Стебли почернели за ночь. Оказывается, свыше дана мудрость — картофель возле реки обречен, и та мудрость теперь уже передана всем по радио и телевидению, только не дошла до моего отца. Он выкопал растение. Внизу были картофелины, маленькие, меньше камешков. Они были варварски угреватые. Одну он взял в руку, и большой палец прошел насквозь — середина была кашицей.
Он не позвал кузена Мерфи. Не сказал никому, кроме моей матери, и в тот же день вышел с тележкой и начал в одиночку выкапывать тот неудавшийся урожай с пяти акров. Потребовались дни. Коровы на соседнем поле наблюдали, как он нагромождает стебли. Нагромождения пахли болезнью. Их следовало сжечь. Но они не горели. Скрученные «Клэр Чемпион» вспыхнули и погасли. Папа пошел в деревню и у Шини Нолана купил керосин, который тот продал, важно насупив брови, потому что обо всем догадался и даже не спросил «А зачем вам?».
На следующий году Вергилий опять попробовал посадить картофель.
В этот раз он опрыскивал его средством от болезни.
В этот раз никакой болезни не было.
В этот раз картофель попортили речные черви.
Но с картофелем все было в порядке, рассказала нам Мама, когда нам с Энеем было лет по десять. Помню, как все мы сидели за столом. Большая чаша рассыпчатого картофеля вызвала у Мамы воспоминания.
— Насколько я помню, с тем картофелем все было в порядке, — сказала она, внимательно разглядывая картофелину, которую подняла вверх, насадив на свою вилку. — Только надо было выбрасывать те кусочки, где были черви.
Я взвизгнула, Эней хмыкнул, Мама засмеялась, а папа взглянул на нее, и его улыбка завершила рассказ.
— Мамочка!
— Что?
— Не говори этого слова, — попросила я.
— Какого слова?
— Черви-черви-черви, — дразнил меня Эней, царапая стол извивающимися пальцами обеих рук и цитируя, но не точно, Гамлета.
— В картофелине не остается ничего плохого…
— Не говори!
— …если срежешь то, что вокруг них, — сказала Мама.

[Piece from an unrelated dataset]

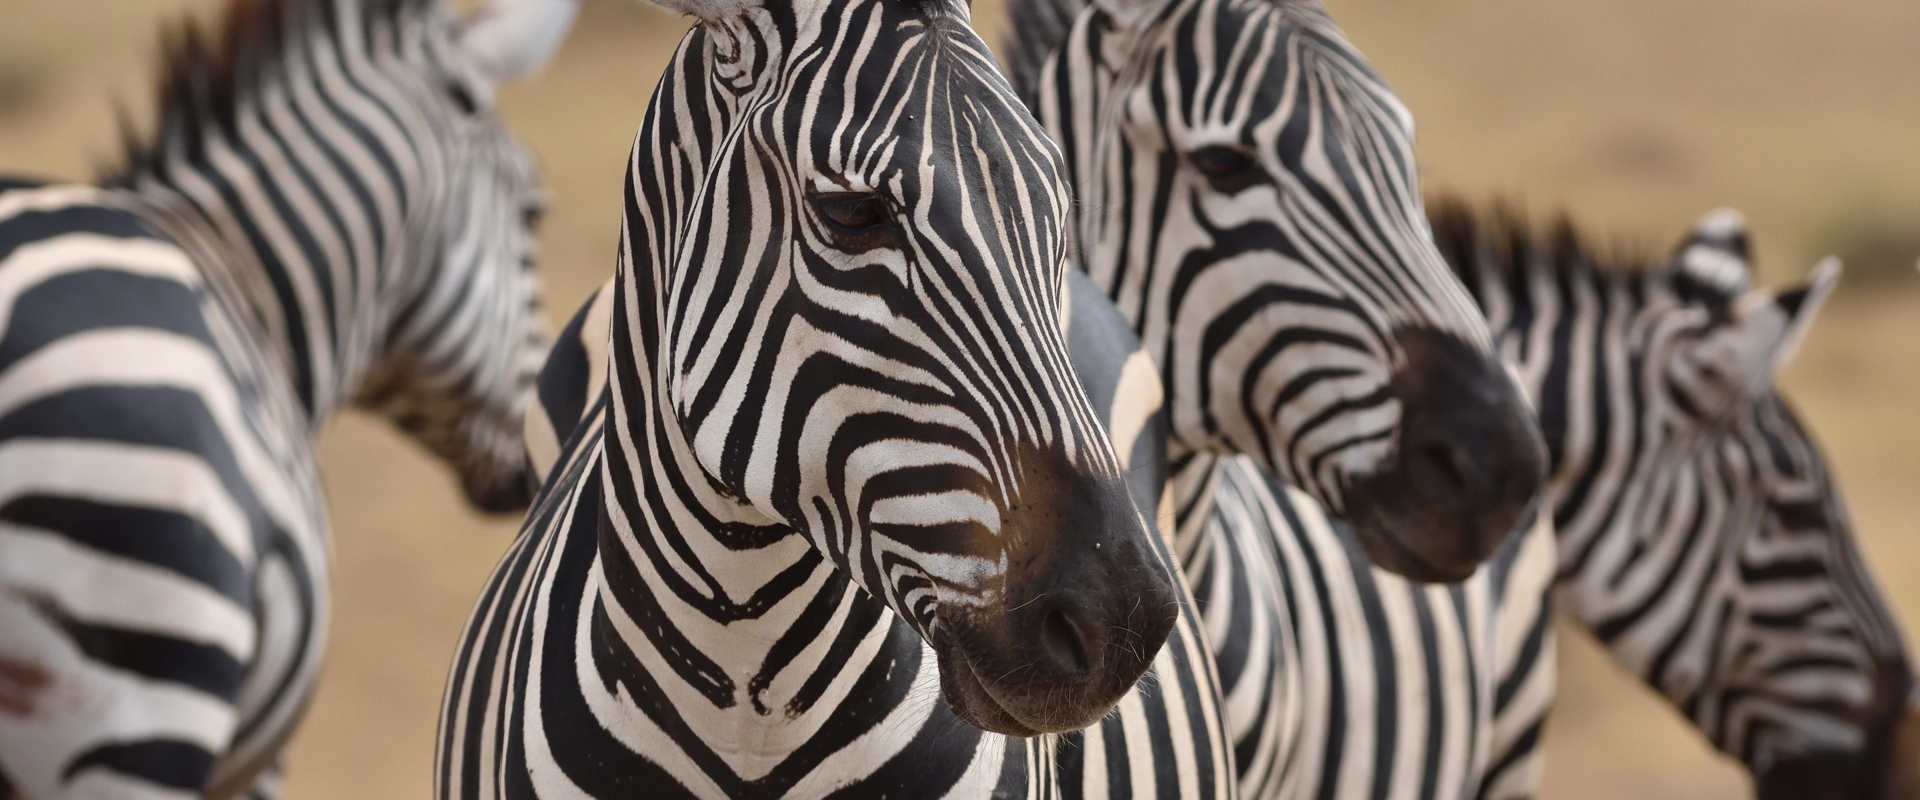 safari luxe tanzanie zebre

Я завопила снова, а Эней приблизил ко мне пальцы-червяки и с ликованием скользнул ими вдоль моей шеи. Я придавила подбородок вниз, что, я знаю, является жалкой Защитой Девочки, но могла думать лишь о том, что мои мозги набиты червями. И Эней продолжал делать то, что, судя по моему опыту, является Типичным для Мальчиков. Ну, а дальше случилось вот что: Папа сложил ладони, изображая рыбью пасть, и — хлоп! — эта пасть схватила сразу всех червяков Энея. Папа держал их в ладонях. Эней вопил, Папа смеялся, я была спасена и, в свою очередь, смеялась над Энеем, схваченным папиными руками. До сих пор я не знаю, каким образом поеденный червями картофель смог стать счастьем, каким образом давняя боль преобразилась, но, думаю, именно тогда я впервые ощутила могущество рассказа и поняла, что Время сделало то, что иногда делает с невзгодами — превращает их в волшебную сказку.